If these moderately conserved glycans are viewed as masks for the Env protein surface, then these carbohydrate side chains can be grouped as protecting specific structures (
Fig. 5). The glycans at positions 262, 332, 442, and 446/448 are all placed such that they could occlude the surface of the three-stranded β-sheet β12/13/22. The glycans at positions 276 and 386 are positioned to protect the protein surface around the CD4 binding site.
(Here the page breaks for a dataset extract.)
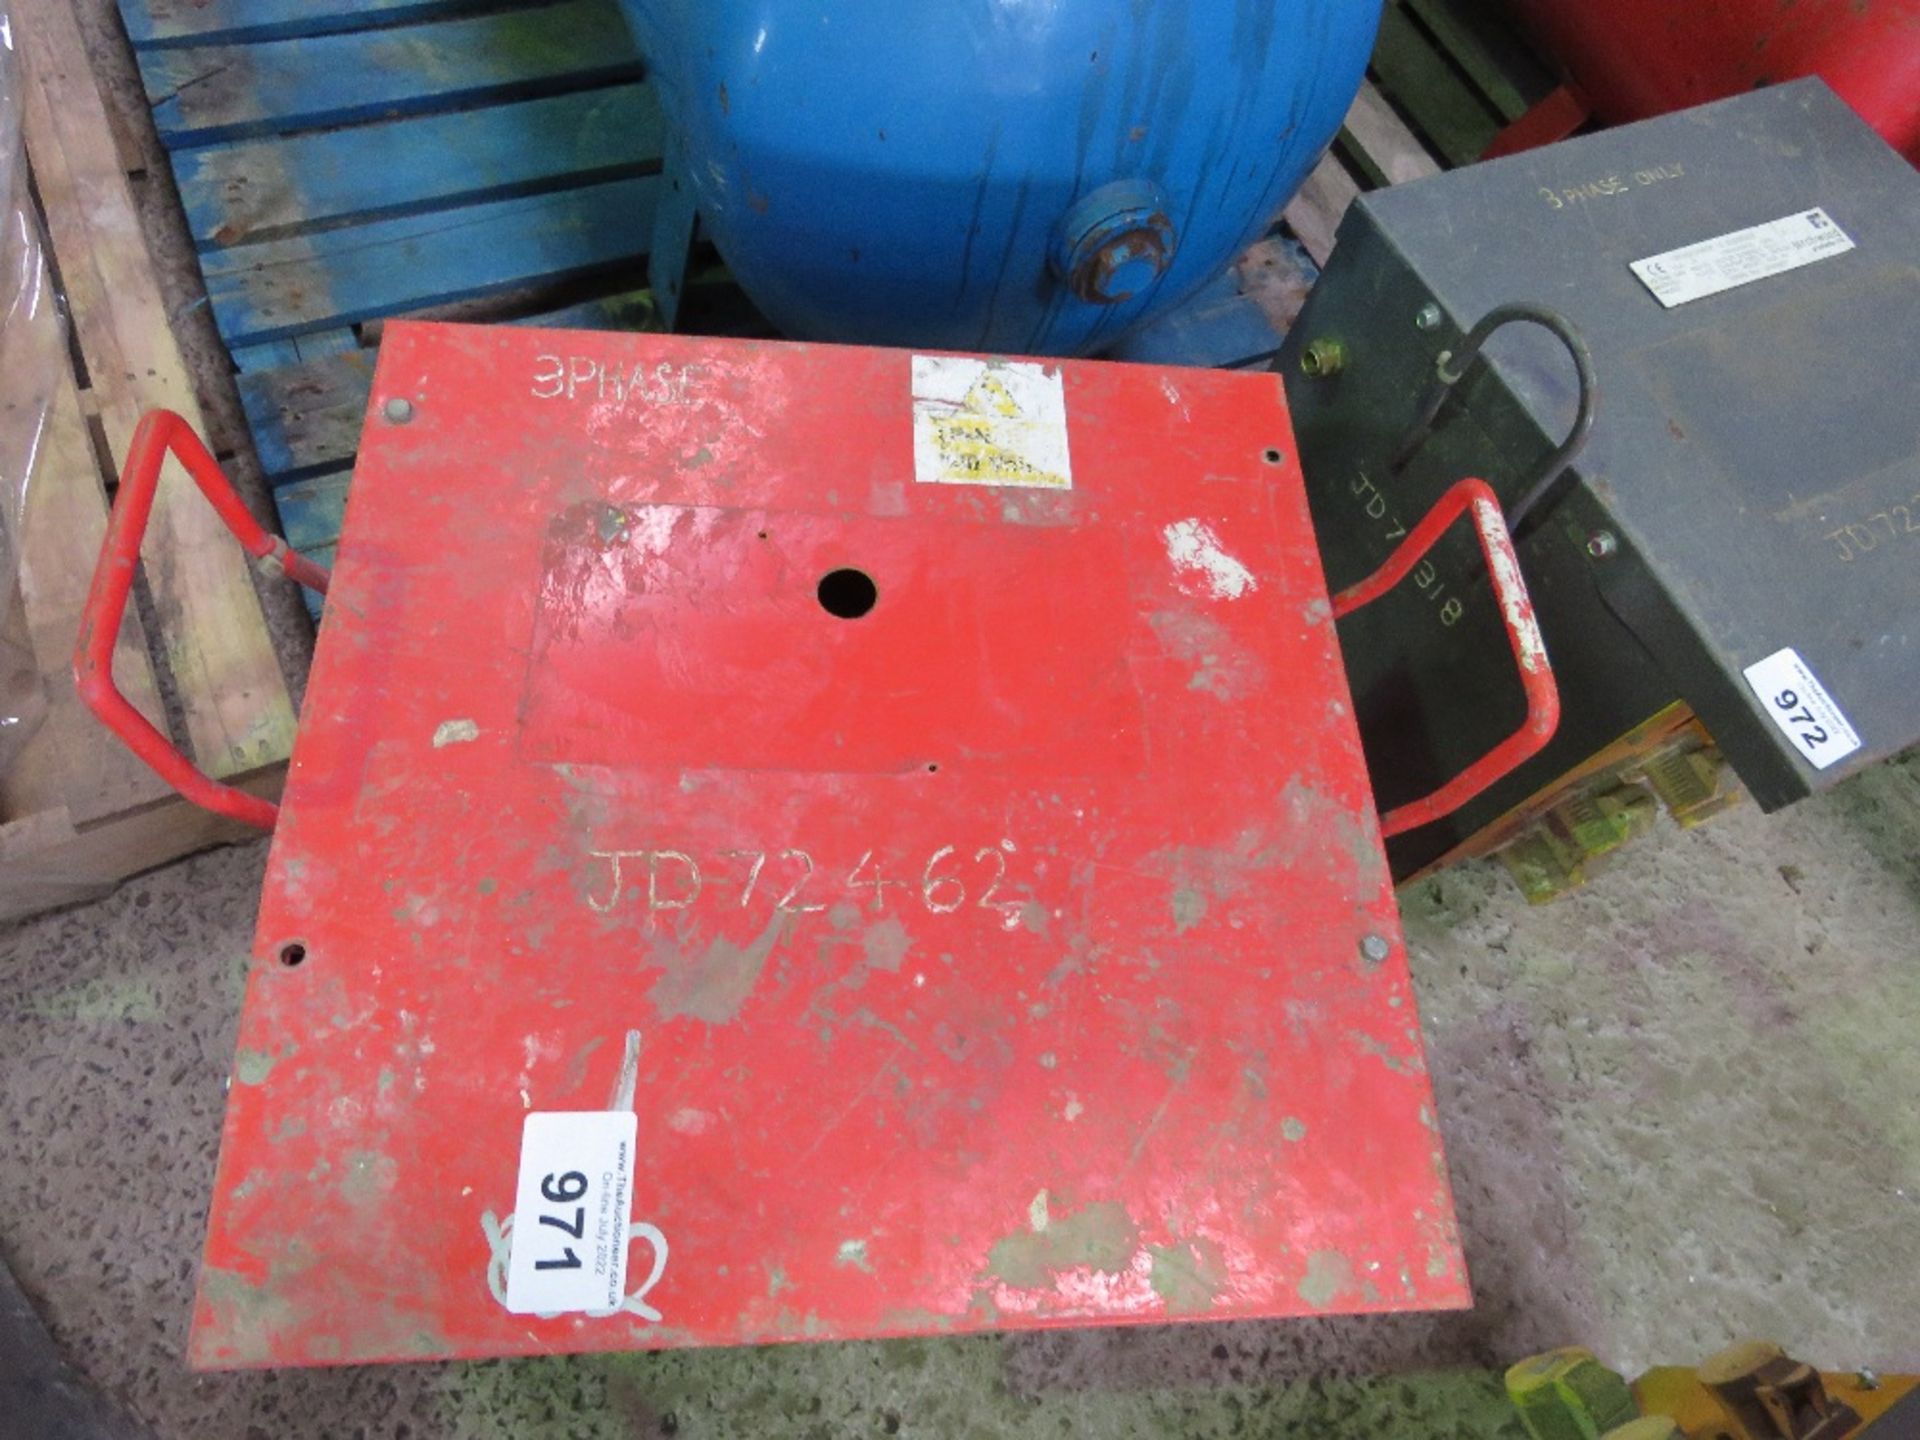 LARGE OUTPUT SITE TRANSFORMER. DIRECT FROM A LOCAL GROUNDWORKS COMPANY AS PART OF THEIR RESTRUCTU

Similarly, a group of glycans (positions 88, 230, 234, and 241) in the region where gp120 and gp41 are thought to interact (
105,
106) could represent a distinct domain where glycans are occluding putative neutralization epitopes. The glycan at position 337/339 sits on the α2 helix. The single glycans on loop C (position 289) and loop E (position 356/358) could similarly occlude specific epitopes in these loops. Finally, the newly described four-stranded β-sheet that provides a scaffold for the V1 and V2 surface loops is covered with four glycans (positions 130, 156, 160, and 197) (
74).
Given that these glycosylation sites are variably present, we asked what the mean occupancy of these sites was collectively among the transmitted viruses. As can be seen by the results in
Figure 5, 93% of the transmitted viruses are missing a glycan associated with at least one of these structures, and 74% have at least one glycan missing from two or more separate structures. If these moderately conserved glycosylation sites protect epitopes that can be recognized by the host, then the absence of some of these glycosylation sites in most isolates should make the virus sensitive to antibodies targeted to these surface structures of Env. In much the same way that the virus toggles between cytotoxic T lymphocyte epitope escape mutations and reversion to wild-type sequence (
107–109), the virus may also toggle between exposing an otherwise carbohydrate-occluded epitope in the absence of the selective pressure of neutralizing antibodies to that site in a specific host and retaining (or evolving anew) the glycosylation site when there is a host response to that protein surface epitope. A vaccine approach that was able to elicit a response to these surface structures could represent a combinatorial approach to neutralizing a large majority of transmitted viruses, targeting the differing subsets of structures exposed on different viruses, an approach that is already being explored for the CD4 binding site (
110). This strategy would take advantage of the variable presence of these glycosylation sites in the conserved domains of Env among the entire viral population, an advantage that is enhanced by the further reduction in glycosylation of the transmitted virus.